This is pretty random, but about wearing one elbow pad. Most people that wear one have a elbow/arm injury, or use a elbow style finisher. The two I know more of is Dusty and Randy Savage. They also hit there finisher with the padded elbow. Why would they do that? Well if they wanted more impact, then use the un-protected, or wear two elbows and just pull it off for the finish, but imagine wrestling damn near every day of the year, and hitting someone with your elbow countless times in a night for every day of the year… IT’S GONNA START HURTING!!! So put a pad on it, have confidence that a half inch of foam isn’t going to NOT knock the opponent out, and blast that man and not hurt yourself in the process.
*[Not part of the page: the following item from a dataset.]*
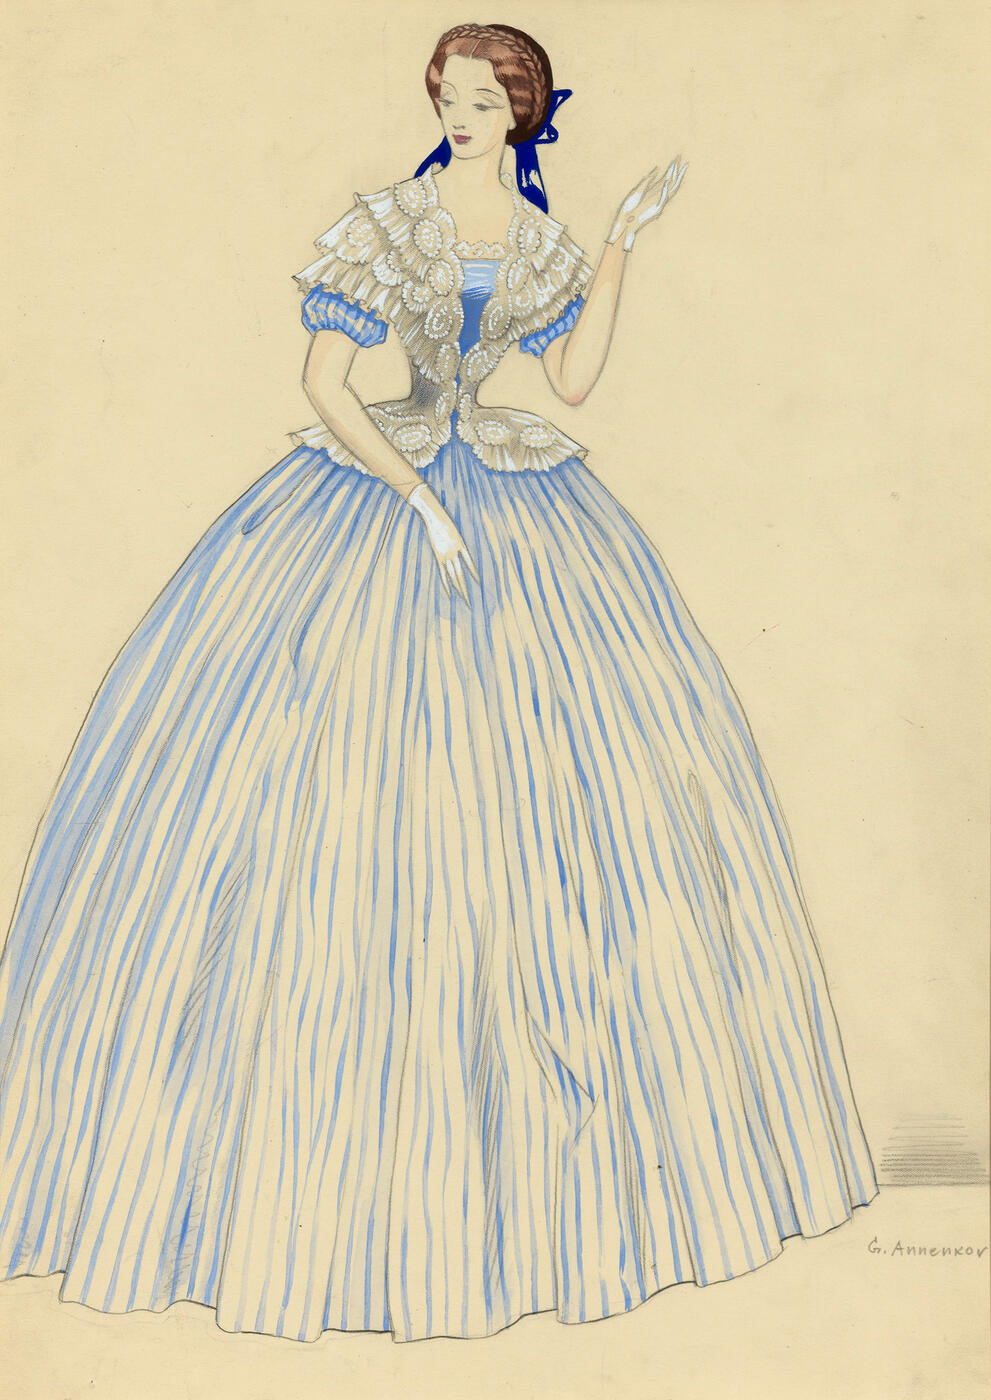 Lady in a Blue Gown, Costume Design for the Film "La Signora Dalle Camelie" by Carmine Gallone

Also if you are a heel, and you are hitting with the pad, and don’t wear two pads, chances are that your one elbow pad is loaded.

JP: You know, I never really thought about loading the elbow pad, but that makes so much more sense now. By the way, I forwarded your other e-mail to Steve Cook and Ask411mania, he’ll have a better answer. Check that out in the middle of the week before he goes insane. Speaking of insane people, the master of my banners Dan Hamilton checked in with some Hidden Highlights of his own:

During the Kurt Angle / Sting match, and one of the many headlocks applied, Kurt was down on the mat facing upward in Sting’s headlock, I couldn’t help but notice that Rudy Charles, the ref, kept checking to see if Angle’s shoulders were off the mat, and thus not considered a pin attempt by Sting. See, the WWE isn’t the only place where they are trying to make it look more shoot style, but then again Rudy has been the only TNA official I’ve seen do that, so maybe it was just an improv moment for him, I don’t know.
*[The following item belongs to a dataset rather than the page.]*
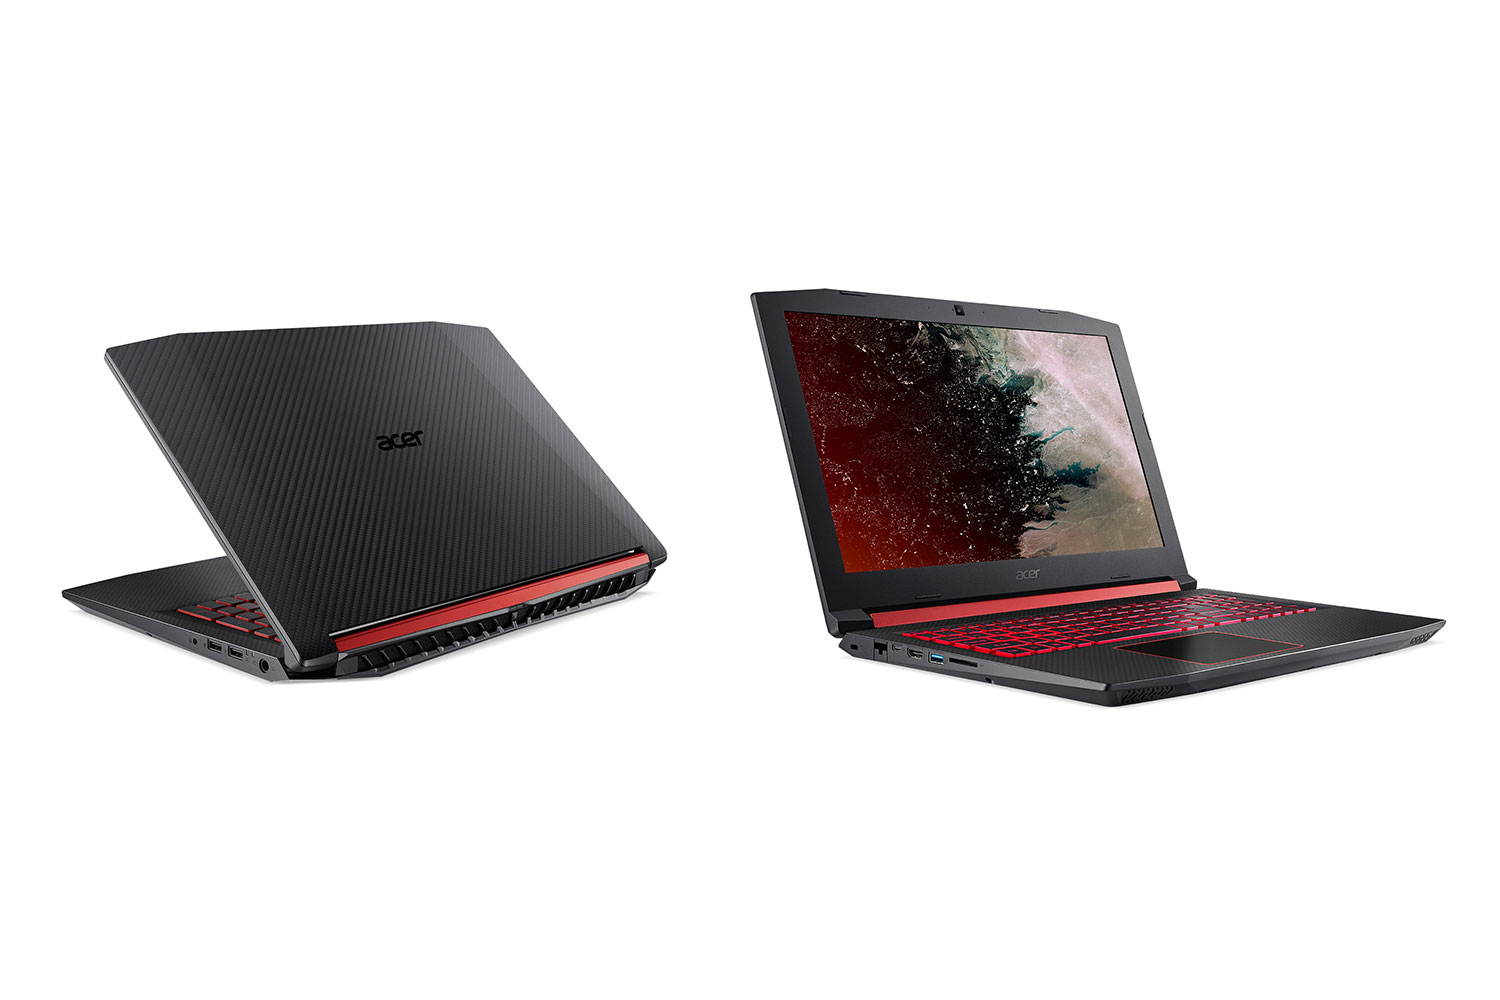 Acer Nitro 5 Officially Announced with Intel Coffee Lake CPU

JP: I always notice Rudy doing Hidden Highlights; he is one of the best in the industry period. Other wrestlers and support staff would do well to pay attention to him.
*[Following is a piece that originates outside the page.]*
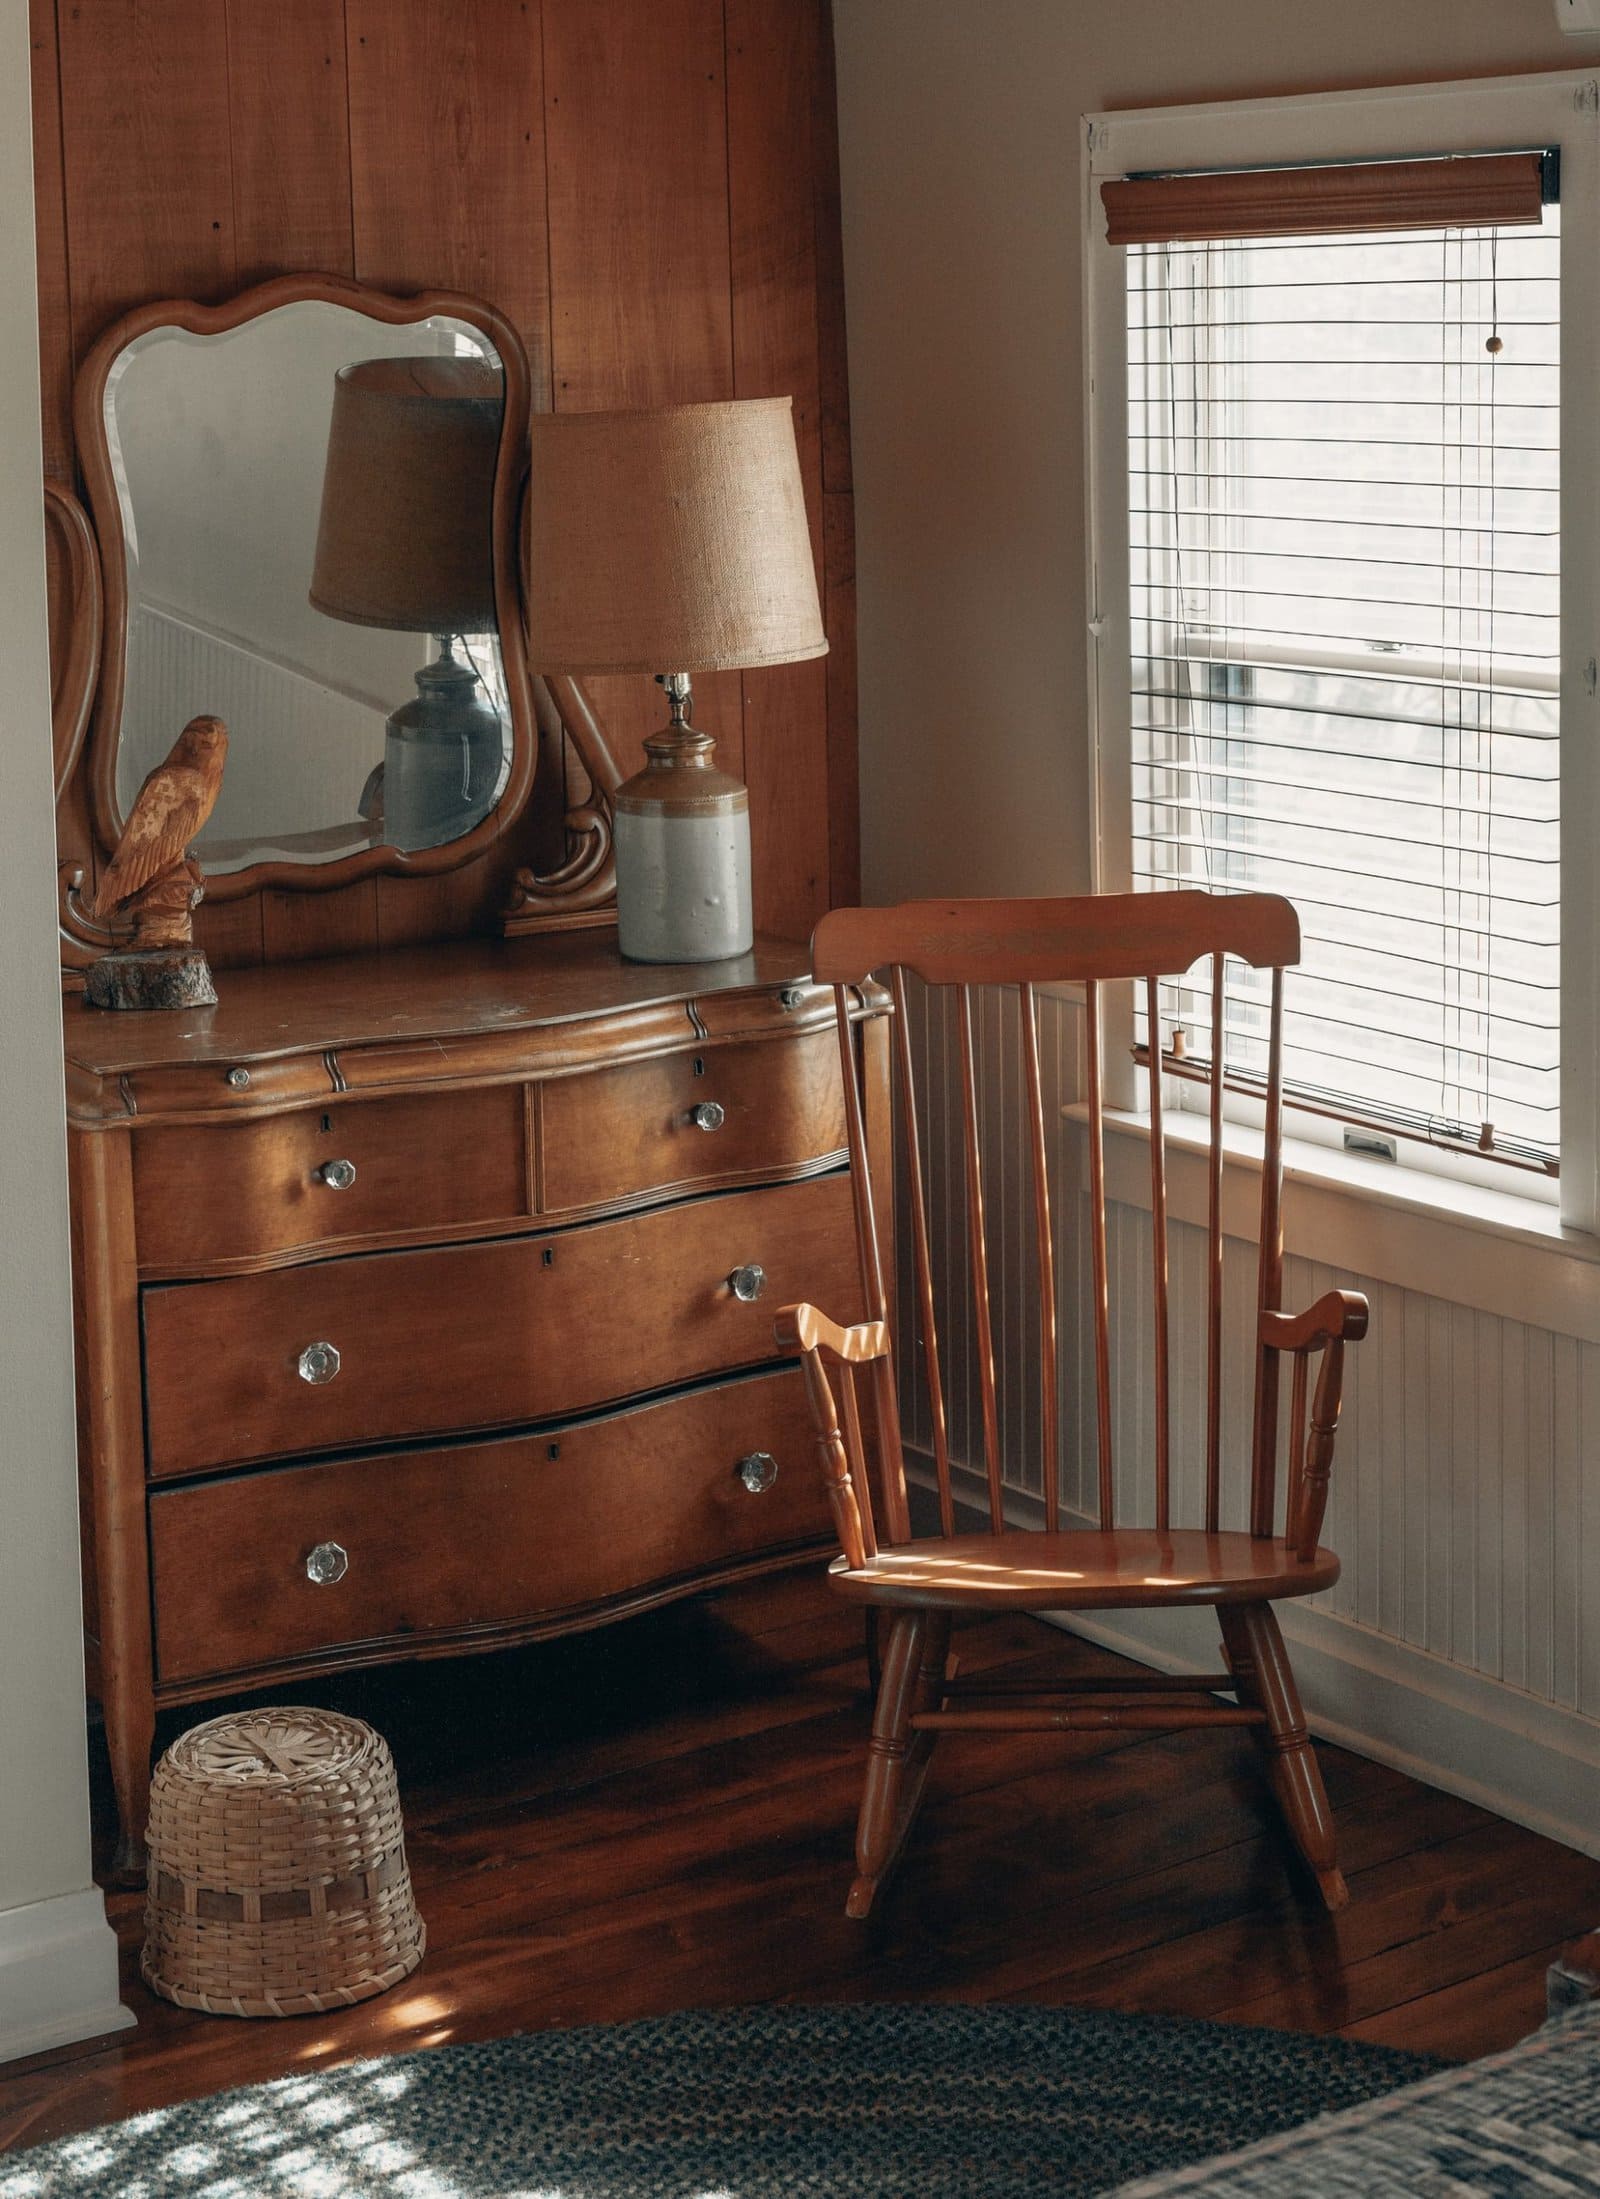 6. Tall Antique Dresser and Mirror scaled

I’m kinda wondering how much an entire Louie Vuitton mask and matching pants cost? Hell, then again since only 1% of the Louis Vuitton items out there are real, (Thank you Wikipedia) .I suppose that Rey Mysterio’s entire getup could have been fake, and probably was.

On a “Wow, he has no life!” note, I instantly recognized what Rey was wearing as soon as I saw him on the entrance way. I should be shot for being a male and noticing that. Please JP, please say that you recognized the designer as well, PLEASE!!

JP: Beg all you want, but I totally did not. I did think Rey’s pants were quite odd, but I never linked them to a designer. Do you think he wore nice pants because he was going to MVP’s VIP Room? Speaking of all those in the VIP Room, we have Chris Wingert:

During the Hardy/MVP vs Finlay/Mysterio match, MVP had a ‘C’ on his outfit, stating that he is the ‘captain’ of the team. Nice little subtle touch to add to the on-going rivalry between the tag champs.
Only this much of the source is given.